Liu Lingbo, Cowan Lauren, Wang Fahui, Onega Tracy
Center for Geographic Analysis, Harvard University, MA, 02138, USA.
Department of Population Health Sciences, University of Utah, Huntsman Cancer Institute, Salt Lake City, UT, 84112, USA.
Health Place. 2025 Jan;91:103411. doi: 10.1016/j.healthplace.2024.103411. Epub 2025 Jan 6.

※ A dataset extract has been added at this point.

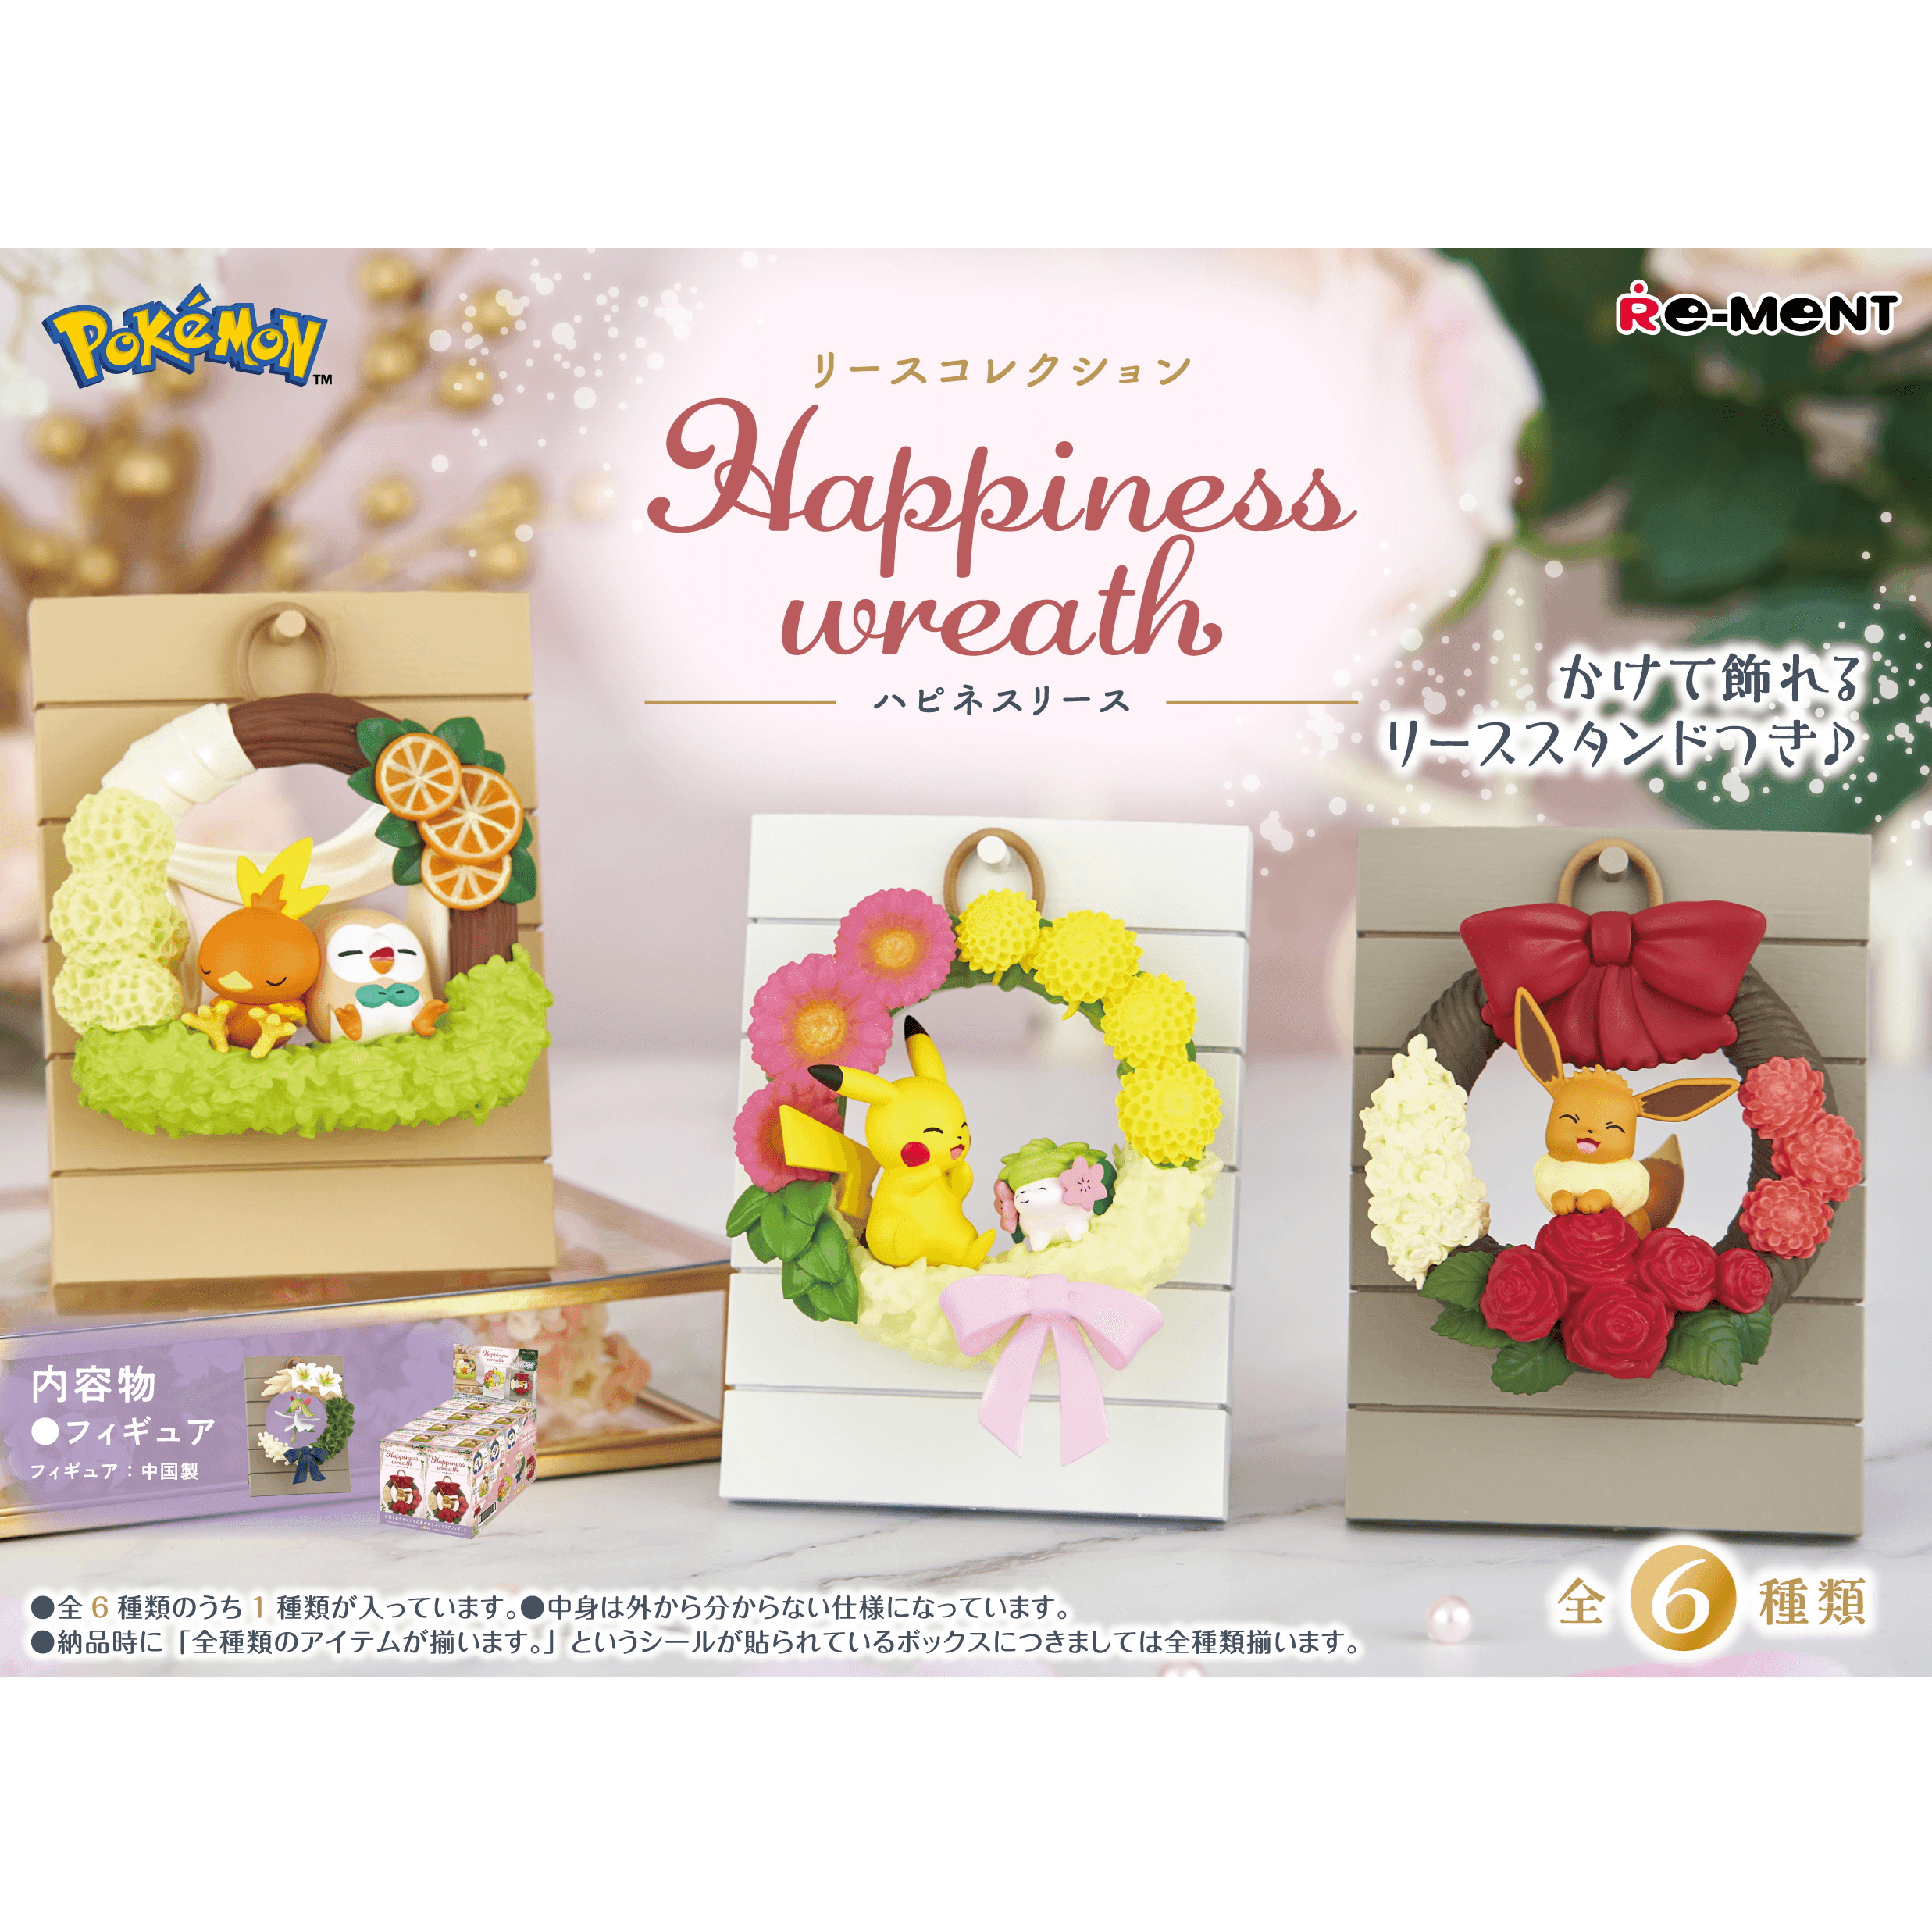 POKEMON Wreaths Collection - Happiness wreath

This study employs an innovative multi-constraint Monte Carlo simulation method to estimate suppressed county-level cancer counts for population subgroups and extend the downscaling from county to ZIP Code Tabulation Areas (ZCTA) in the U.S. Given the known cancer counts at a higher geographic level and larger demographic groups at the same geographic level as constraints, this method uses the population structure as probability in the Monte Carlo simulation process to estimate suppressed data entries. It not only ensures consistency across various data levels but also accounts for demographic structure that drives varying cancer risks. The 2016-2020 cancer incidence data from the Utah Cancer Registry is used to validate our approach. The method yields results with high precision and consistency across the full urban-rural continuum, and significantly outperforms several machine-learning models such as Random Forest and Extreme Gradient Boosting.

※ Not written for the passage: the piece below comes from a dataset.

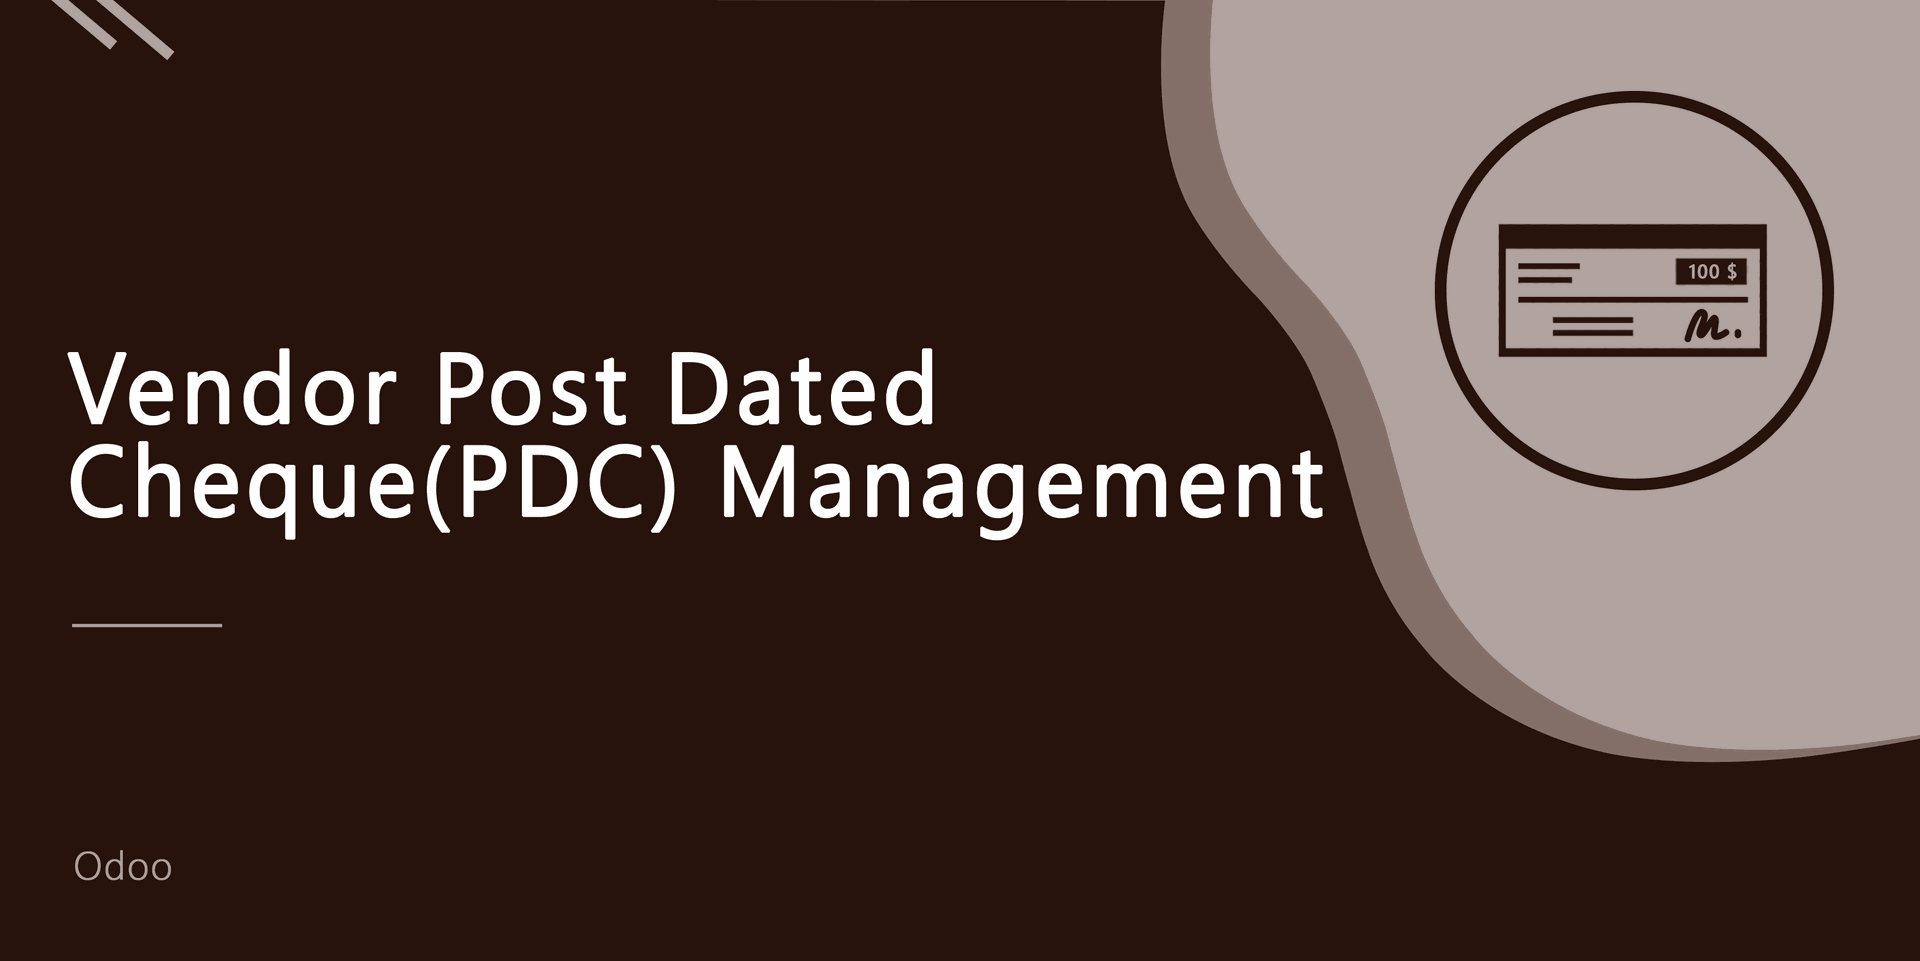 Vendor Post-Dated Cheque (PDC) Management

本研究采用一种创新的多约束蒙特卡罗模拟方法,来估计人口亚组中被抑制的县级癌症病例数,并将降尺度分析从美国的县扩展到邮政编码分区(ZCTA)。鉴于在较高地理层面已知的癌症病例数以及同一地理层面较大人口群体作为约束条件,该方法在蒙特卡罗模拟过程中使用人口结构作为概率来估计被抑制的数据条目。它不仅确保了不同数据层面之间的一致性,还考虑了导致癌症风险各异的人口结构。利用犹他州癌症登记处2016 - 2020年的癌症发病率数据来验证我们的方法。该方法在整个城乡连续体中产生了高精度和一致性的结果,并且显著优于随机森林和极端梯度提升等几种机器学习模型。